What does that mean in a technology sense? Mostly, agile solutions or methodologies are able to react to changing conditions or requirements quickly and adapt to meet those needs. Imagine a platform that can react to the changing needs of users. Or add new functions on the fly on demand. That’s the kind of agility that comes from software functionality or programmability. It’s a development team that can react without technical debt weighing them down.

But agile doesn’t always mean extensible. Just because you can react quickly doesn’t mean that you have the ability to extend the platform in ways that it can’t manage. Agile solutions can be rebuilt quickly but they have limitations. Usually, with technology, those limitations revolve around hardware. Agile solutions have to be built that way from the start. But it often means sacrifices must be made. Perhaps it didn’t ship with an interface that allows hardware to be added. Maybe the form factor is a limitation. A Raspberry Pi is a very agile platform within reason. But you’re not ever going to be able to build them into a GPU farm. Because they are locked into a specific kind of agility.

Flex Specs

Flexibility is the ability to react to new environments or changing requirements. That definition sounds an awful lot like the one above for agility, doesn’t it? They both sort of mean that you can change what you’re capable of. Flexibility is a characteristic that is usually used to describe gymnasts or dancers. Would you confuse a ballerina for a boxing champion? Likely not. Even though they can react to different situations they’re both different in many ways.

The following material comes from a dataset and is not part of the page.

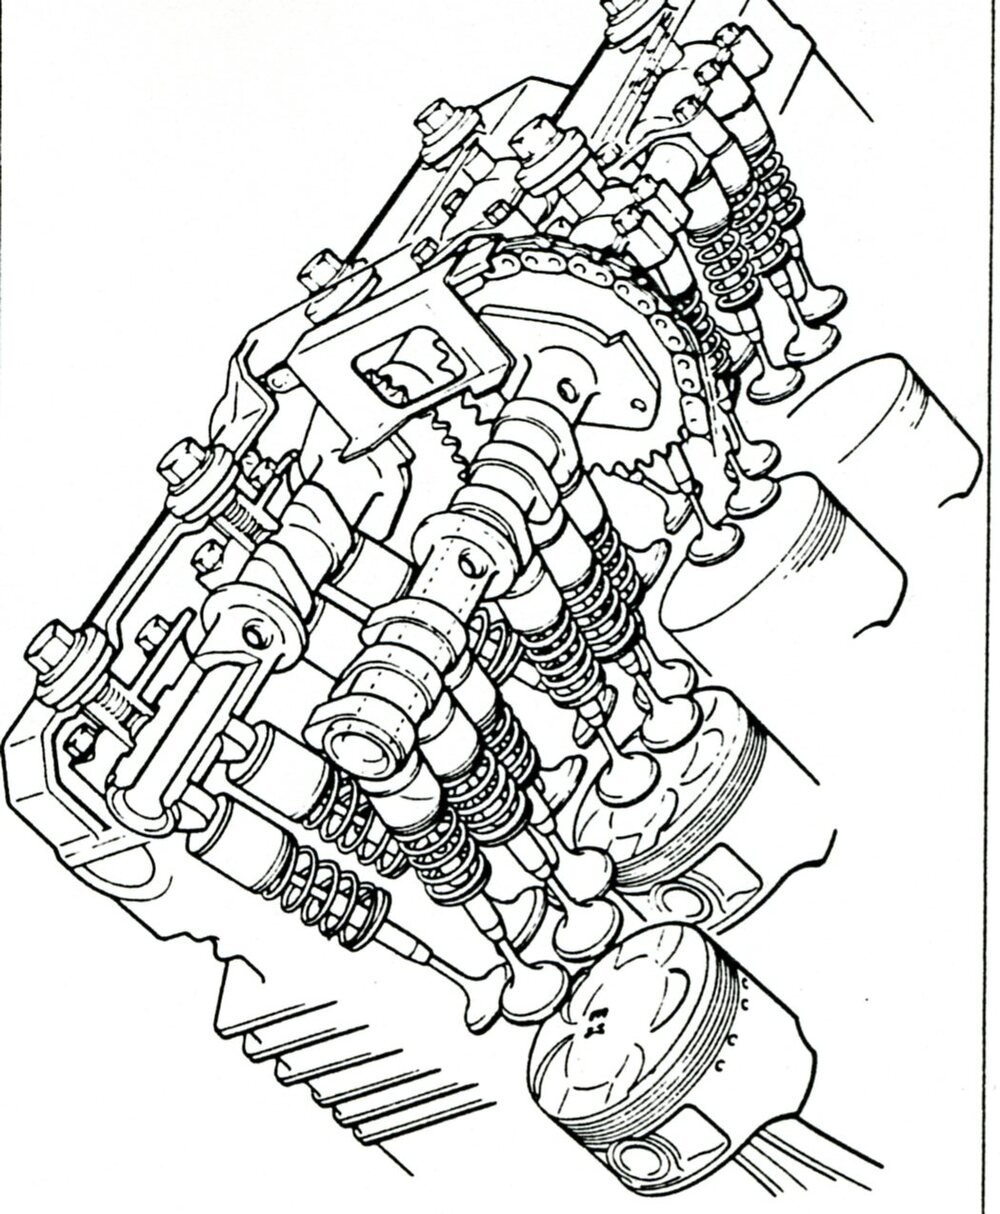 Grande sostenitrice delle cinque valvole per cilindro &egrave; stata per lungo tempo la Yamaha, che ha lanciato questa soluzione nel 1984 quando ha presentato la FZ 750

First and foremost, flexibility doesn’t require speed. Agility implicitly requires quick reactions. Flexibility can take time to adapt to things. Maybe that means adding new hardware to a server to expand GPU capabilities. Maybe it means adding modules to a software program to add new functions, like financial tracking added to a roster program. It may not be available right away but it is something that can be built in.

Flexibility on a hardware platform can take many directions. I always think of SD-WAN appliances as the ultimately form of flexibility. The more advanced units can run 4G/LTE modems in USB form. Or they can even run in the cloud without any specific hardware. The software platform isn’t tied to one specific hardware configuration or even form factor. It’s truly flexible because it doesn’t have any prerequisites or requirements.

But, as mentioned, flexibility isn’t always equated to agility. You can have a very flexible platform that requires a lot of time to build out. A classic example would be a desktop computer. It’s a very flexible platform but it takes time to install expansion cards and optional hardware. It’s also something that has to be configured and built to be flexible from the start. ATX motherboards have a certain kind of flexibility. Micro-ATX boards trade expansion flexibility for size flexibility. I can’t add two extra graphics cards to them but I can put the board into a case the size of a toaster.


Tom’s Take

What’s better? Agile or flexible? It depends on what kind of solution you need. Do you want to build on something? Or be able to upgrade it quickly? Is speed more important that creativity? There are so many dimensions that need to be considered. Most modern platforms have a few elements of each in their design. SD-WAN is both agile and flexible. Some solutions are more one than the other and that’s fine. Just remember that you need to ask for something very specific to meet criteria because if you’re looking for one you may end up with the other and not realize it until it’s too late.